C'est un extrait d'un roman, "Edouard".

_"Je ne sais pas quelle déplaisance s'attachait pour moi à vivre avec des gens, ..."_

Je n'arrive pas à comprendre le sens du verbe "s'attacher à".
Mon essai tout à fait maladroit:

"non so quale sgradevolezza si attaccasse a me nel vivere con persone, ..."

Merci pour votre aide précieux .


----------



## Missrapunzel

Euh, j'ai du mal à comprendre le sens aussi. 
_s'attachait *pour* moi *à* vivre avec des gens_ ne me semble pas très français. 
La langue originale de ce roman est le français?


----------



## L'equilibrista

Oui oui, c'est du vieux français.
"Edouard", par Mme de Duras (1825).


----------



## Corsicum

Une interprétation : 
«_ attachait_ » : était liée de façon inexpliquée
_"Je ne sais pas d’ou me venait cette déplaisance que j’avais à vivre avec des gens, ..."_
_"Je ne connais pas l’origine, la nature de cette déplaisance que j’avais à vivre avec des gens, ..."_

Pour la traduction je suis incapable de me prononcer ?


----------



## L'equilibrista

Merci à tous les deux.


----------



## nuevoestudiante

Un tentativo:

Non capisco che spiacevolezza mi prendesse nel vivere con persone...

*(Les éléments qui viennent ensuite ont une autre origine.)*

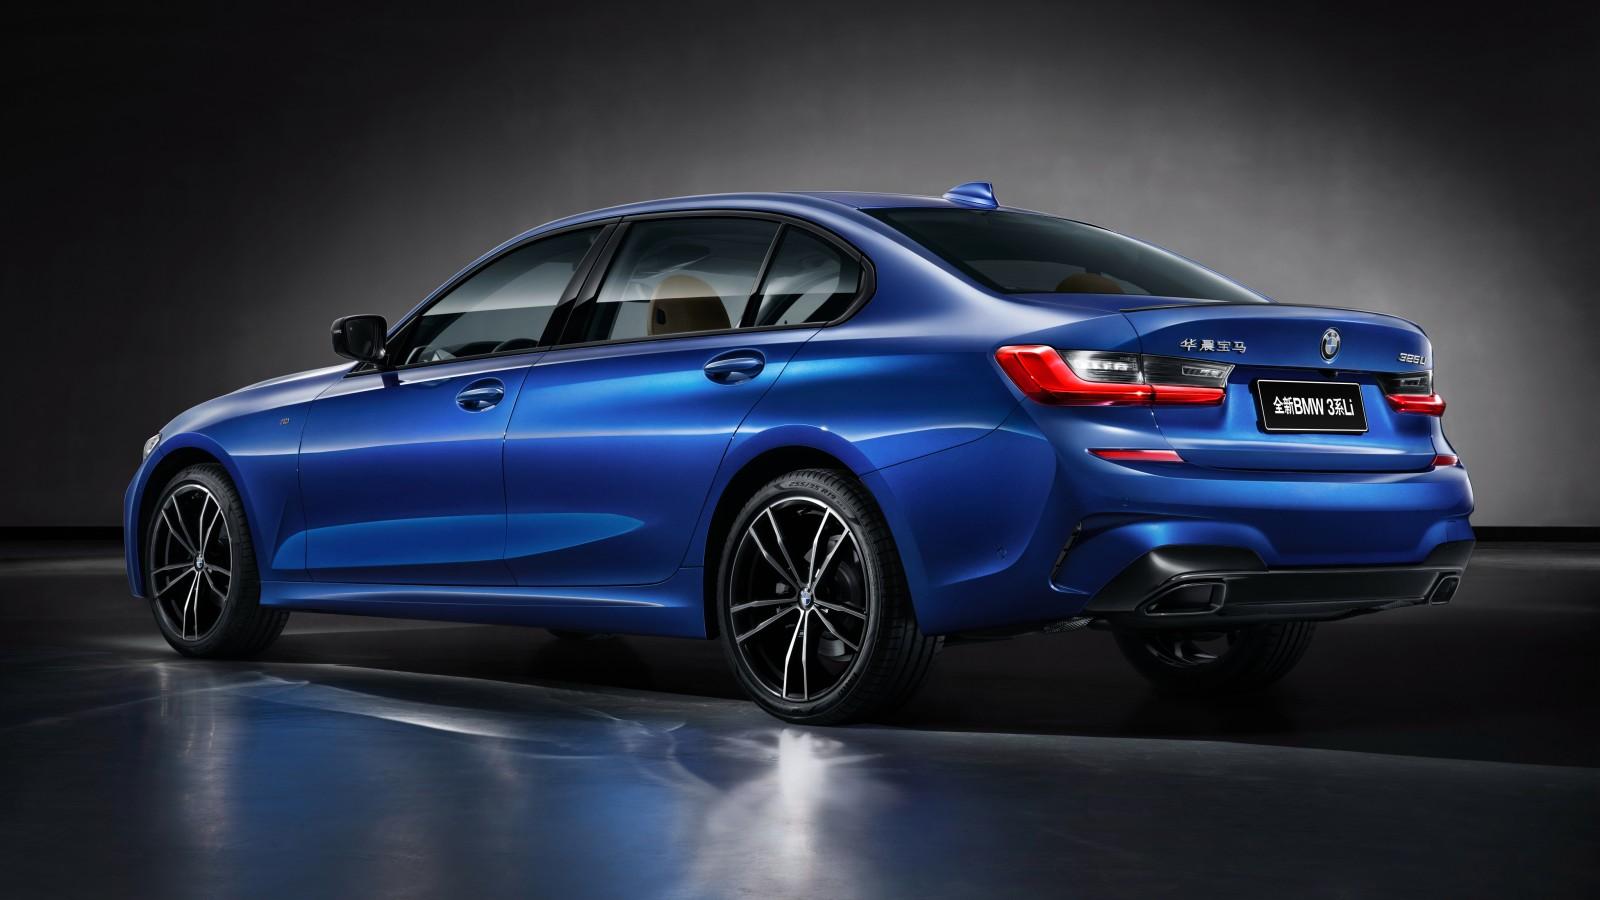 BMW 325Li M Sport 2019 4K 2 Wallpaper

__________________________

nec cum spe nec cum metu


----------



## Curandera

_Des tentatives:_

_'Non so perché mi risultasse così spiacevole vivere con delle persone...'_
_'Non so spiegare l'origine/il perché di questo mio malessere a vivere con delle persone..._'
_'Non riesco a spiegarmi quanto sgradevole fosse per me vivere con delle persone...'_


----------